Verder betoogt [appellant] dat de rechtbank zijn beroep op het evenredigheidsbeginsel ten onrechte niet in de uitspraak heeft opgenomen. Volgens [appellant] heeft het college geen juiste belangenafweging gemaakt. De overlast die wordt ondervonden in de Bannewaard is hoger dan in de Bregwaard en de Broekerwaard. Hier is ten onrechte geen rekening mee gehouden in het besluit. Het college neemt het ‘’waterbedeffect’’ als uitgangspunt, terwijl de huidige parkeeroverlast het uitgangspunt moet zijn. Voor de Bannewaard heeft dit onevenredig zware gevolgen, terwijl uit de eigen enquête blijkt dat meer dan 90% van de bewoners van de Bannewaard voorstander is van vergunninghoudersparkeren. Het is onredelijk dat het college aan de uitslag van de enquête vasthoudt en het vergunninghoudersparkeren daardoor niet is ingevoerd. Het college zou daarom gebruik moeten maken van de mogelijkheid om van de vaste gedragslijn af te wijken.
De enquête is bovendien ook onzorgvuldig tot stand gekomen, nu is gebleken dat 10 extra codes onterecht zijn uitgegeven en meegenomen in de uitslag. Nergens blijkt dat is gecontroleerd of er nog meer codes onterecht in het onderzoek terecht zijn gekomen. De oorspronkelijke lijst met codes is bijvoorbeeld niet vergeleken met de lijst van codes waarmee de stemmen zijn uitgebracht. Hierdoor kan niet uitgesloten worden dat de uitslag van de enquête is beïnvloed, aldus [appellant].
3. Het wettelijk kader is opgenomen in de bijlage. Deze bijlage maakt deel uit van deze uitspraak.
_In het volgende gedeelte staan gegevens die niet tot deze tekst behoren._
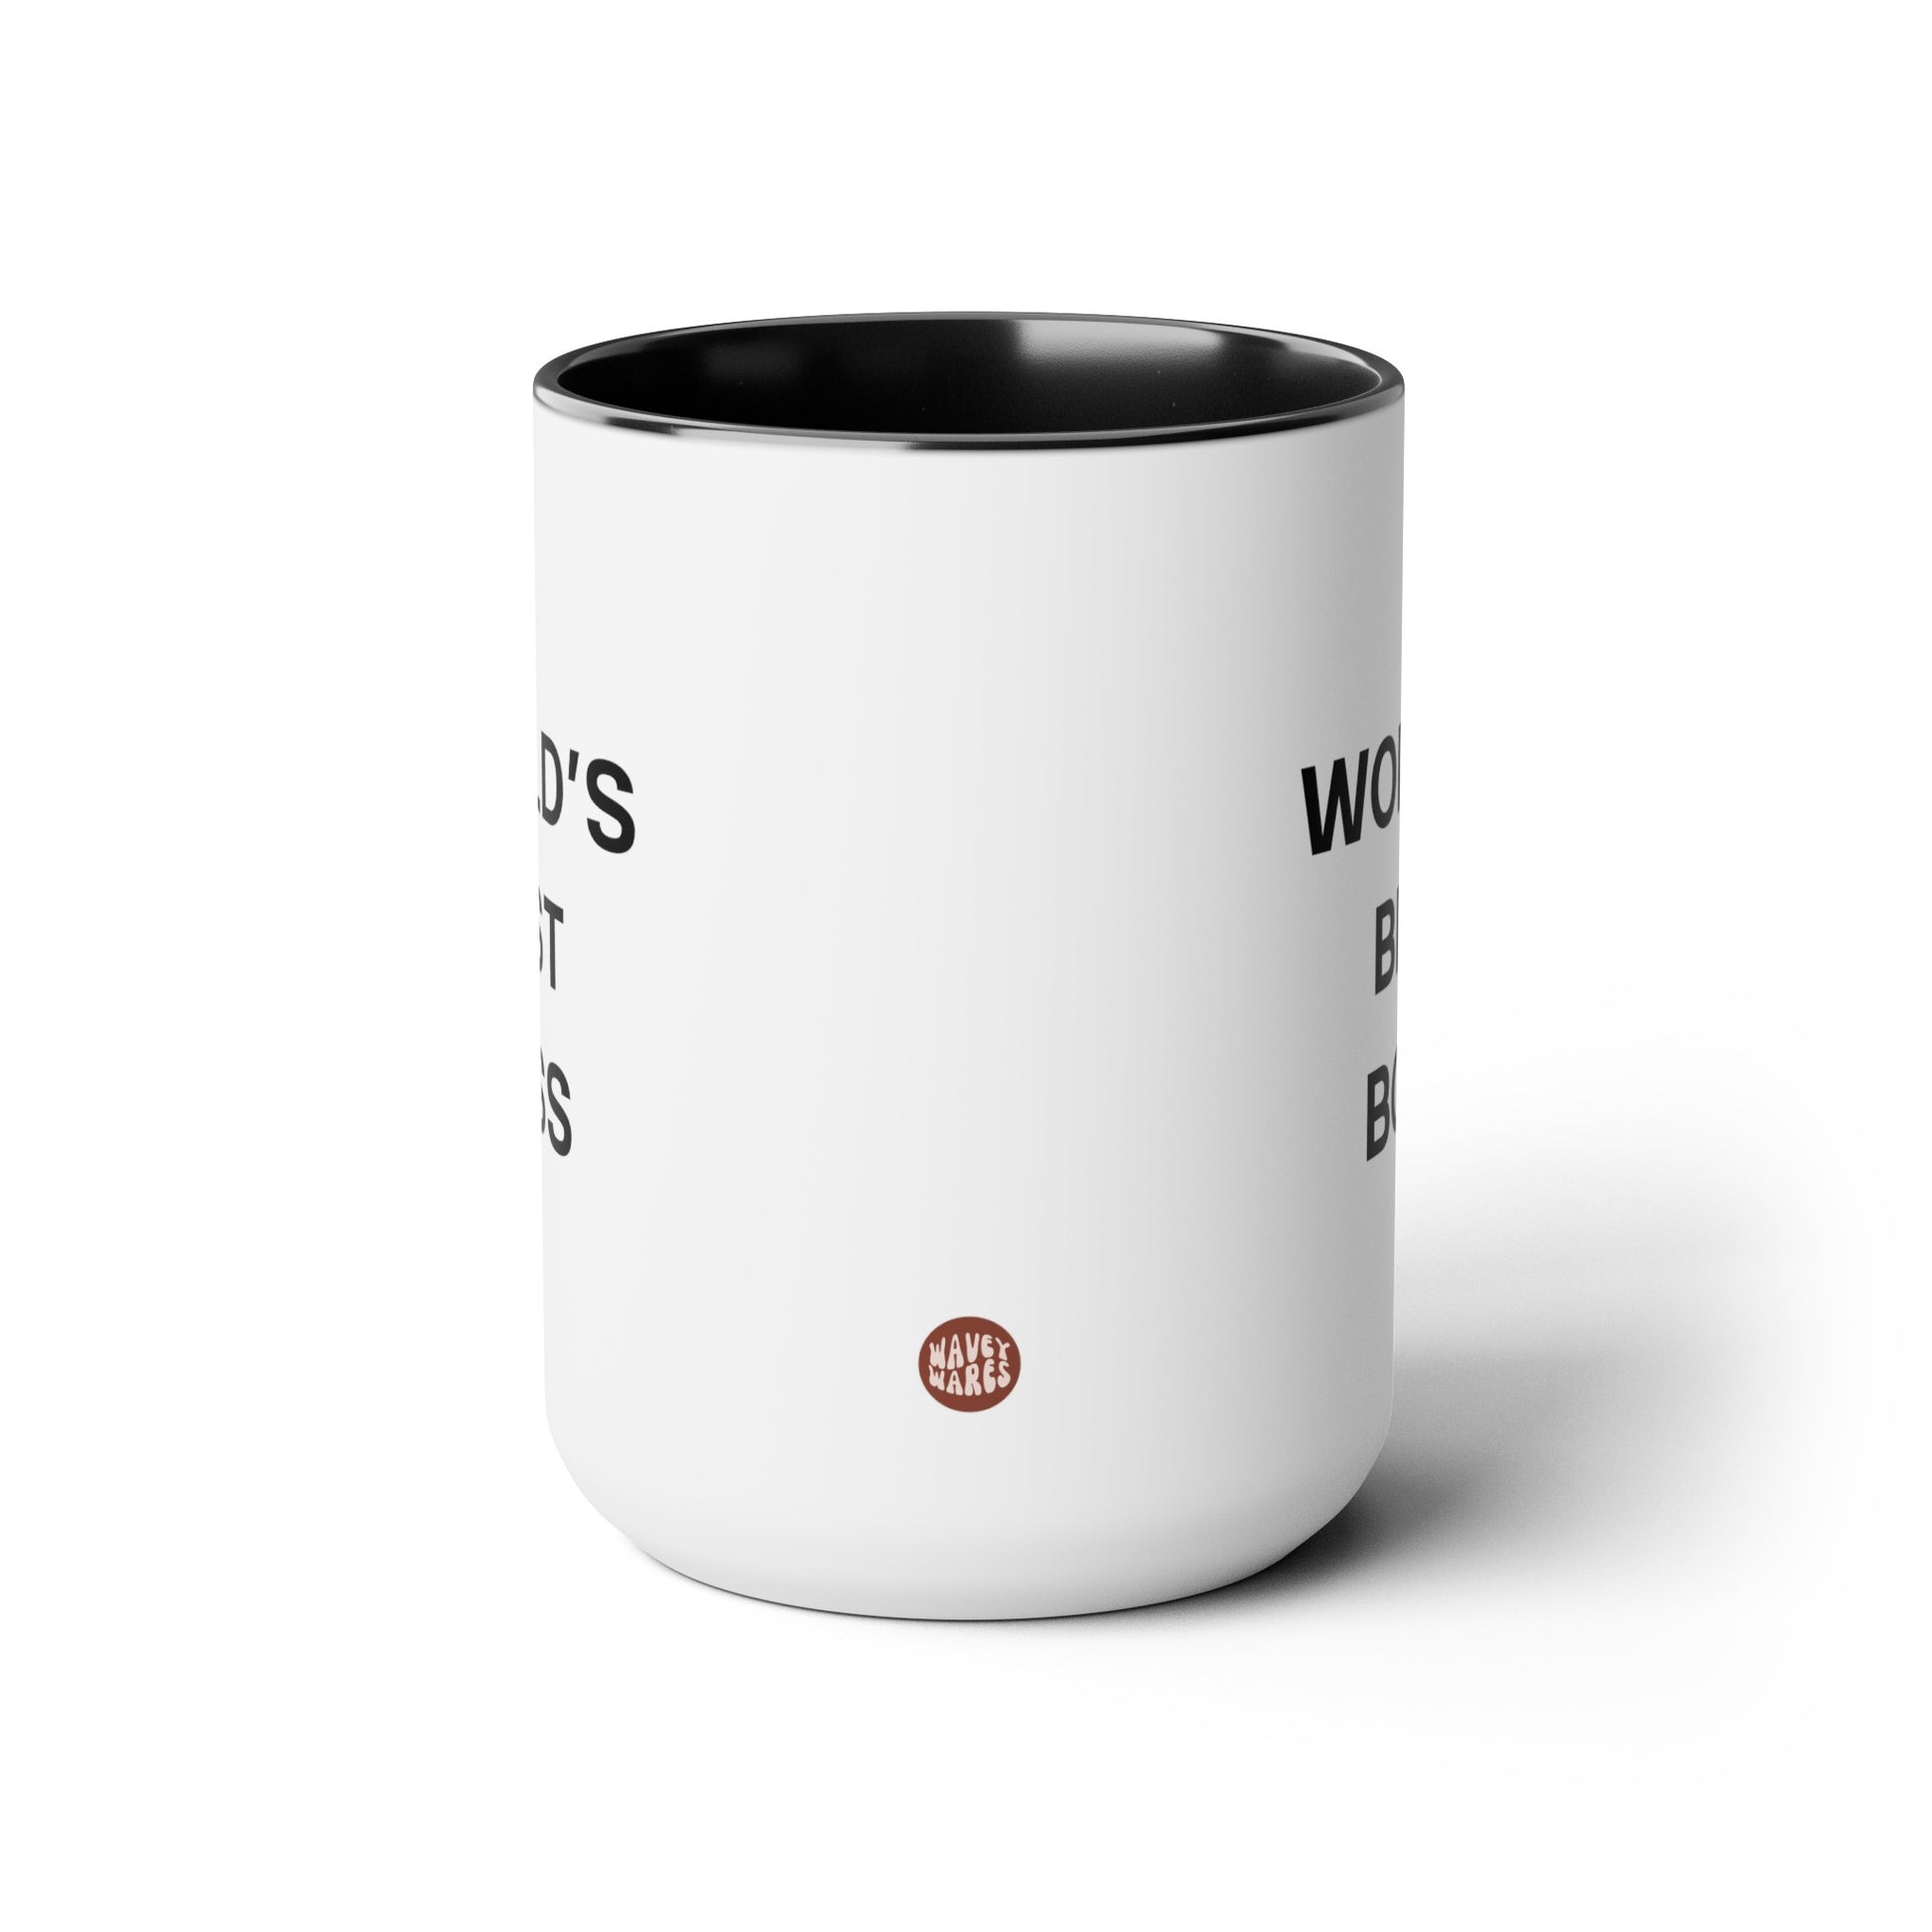 World's Best Boss 15oz white with black accent funny large coffee mug gift for coworker team leader manager office waveywares wavey wares wavywares wavy wares side

Beoordeling van het hoger beroep
De voorbereiding van het besluit
4. Ingevolge artikel 12, eerste lid, van de Verordening, kan het college binnen het uitbreidingsgebied experimenteren met een tijdelijk ander parkeerregime. Het experimenteren dient te voldoen aan de eisen zoals die zijn genoemd in het tweede lid van artikel 12, onderdelen a tot en met d. Ingevolge artikel 12, tweede lid, onderdeel a, dient er een enquête onder de bewoners en bedrijven van het desbetreffende gebied te worden gehouden. De uitslag van deze enquête is slechts relevant bij een respons van tenminste 60% van de bewoners en/of bedrijven. Voorts dient tenminste 60% van de bewoners en/of bedrijven positief te reageren op het nieuwe tijdelijk in te stellen regime. Het experiment dient niet langer dan één jaar te duren en daarna dient een evaluatie plaats te vinden om te beoordelen of het experiment wordt omgezet in een definitief parkeerregime.